Colored illustrations.
Follow-up
on proposed revision to Appendix D, Glossary - Coloured illustration
We decided on: An illustration containing any color.
Black or white or shades of grey are not to be considered color.
10.
Rules for early printed monographs
Forward to JSC for their information It is
prepartory to discussions about rare book cataloging. Matthew Beacom thought we
should add CC:DA answers to encourage better JSC discussion. [LITA - only
discussion]
11.
see report Report of the ALA
Representative to the Joint Steering Committee: Beacom.
The
report discusses the actions at the last JSC meeting.
11b.
Proposal for the incorporation of authority control in AACR.
The proposal is to add a Part III. Part II will be
choice of access. Part II will be split between the two parts.

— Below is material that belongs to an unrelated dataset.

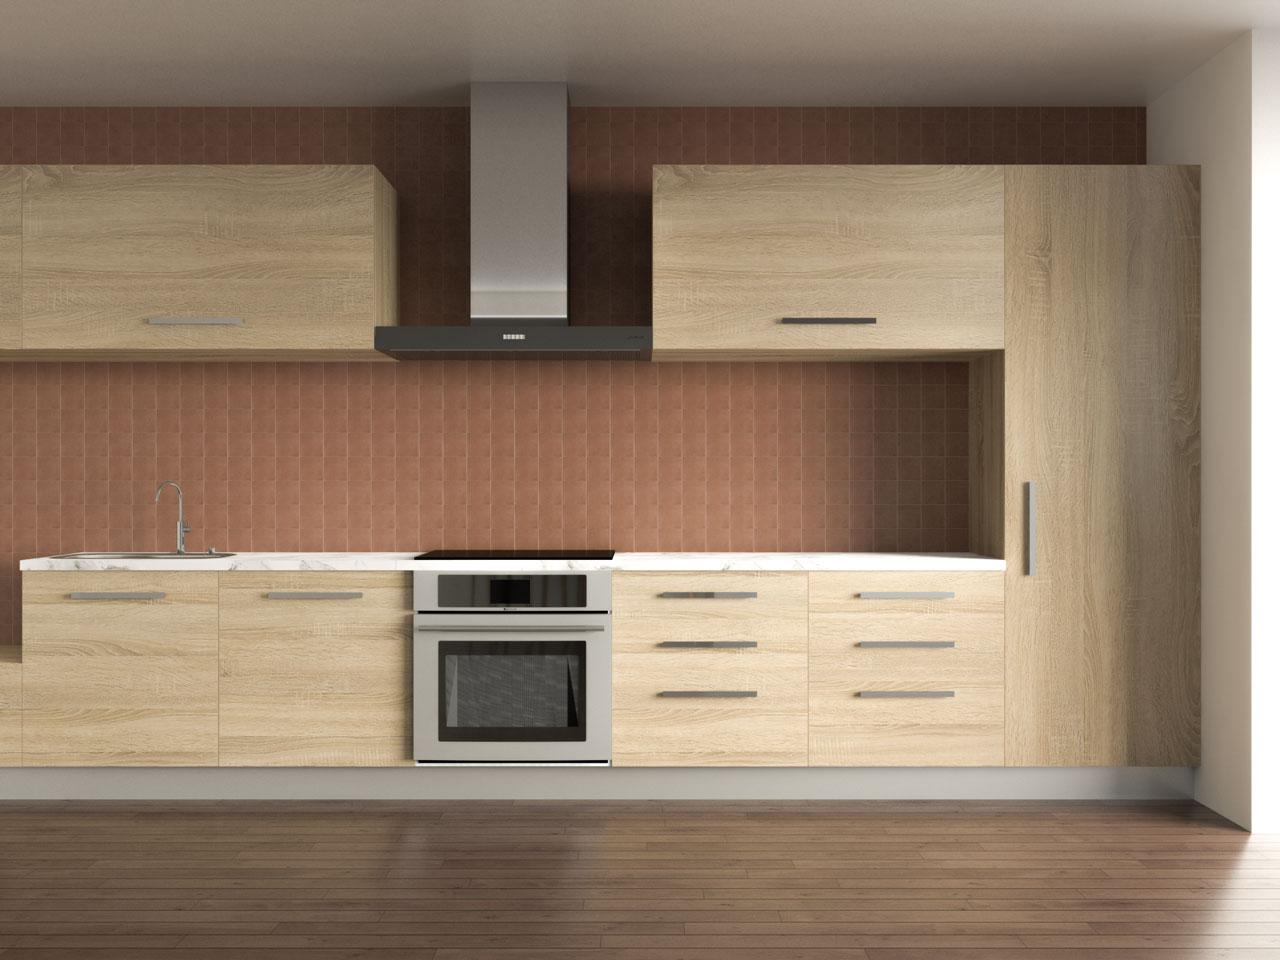 Chinese tea brown backsplash with oak kitchen cabinets

LC will be
revising the document with information on series and uniform titles. ALA should
wait til ready in Feb. [LITA - later]
11c. "Considered to be important"
The phrase shows up often in the rules. The
introduction will contain an explanation of what it really means.
11d. Punctuation in
language examples.
This
proposed better ways to punctuate examples throughout the rules to make them
clearer.
SUNDAY--Jan. 11
7:30-8:30 Hyatt -- Manchester G-1
OCLC breakfast
OCLC reiterated its goals: be the leading global library cooperative, help
libraries serve people, provide economical access to knowledge, etc. The are
45,000 libraries in 84 countries with 34.432 US libraries. FRBR: work-set
algorith toolkit is avialbe on their web pages for libraries to use in their
OPACS. For the Virtual International
Authority File, VIAF, metadata will be harvested regularly from varioius
authority files. OCLC published Pattern recognition discussing the near
future vision. Italy, France, Japan, US and Canada spend 75% of dollars spend
worldwide on libraries. By 2005 OCLC plans to be Oracle-Unicode compliant to
enable better world-wide connection.
Open WorldCat Pilot. Over 12,000 institutions are participating. 160,000 of
2 million partial records have been harvested by Google
See
handouts.
8:30-11:00 Hyatt -- Manchester
C
SAC - General Meeting
See agenda and documents.
During the LC report, there was discussion of 650 indicators and the
possibility of actually using the 1st indicator to indicate primary vs.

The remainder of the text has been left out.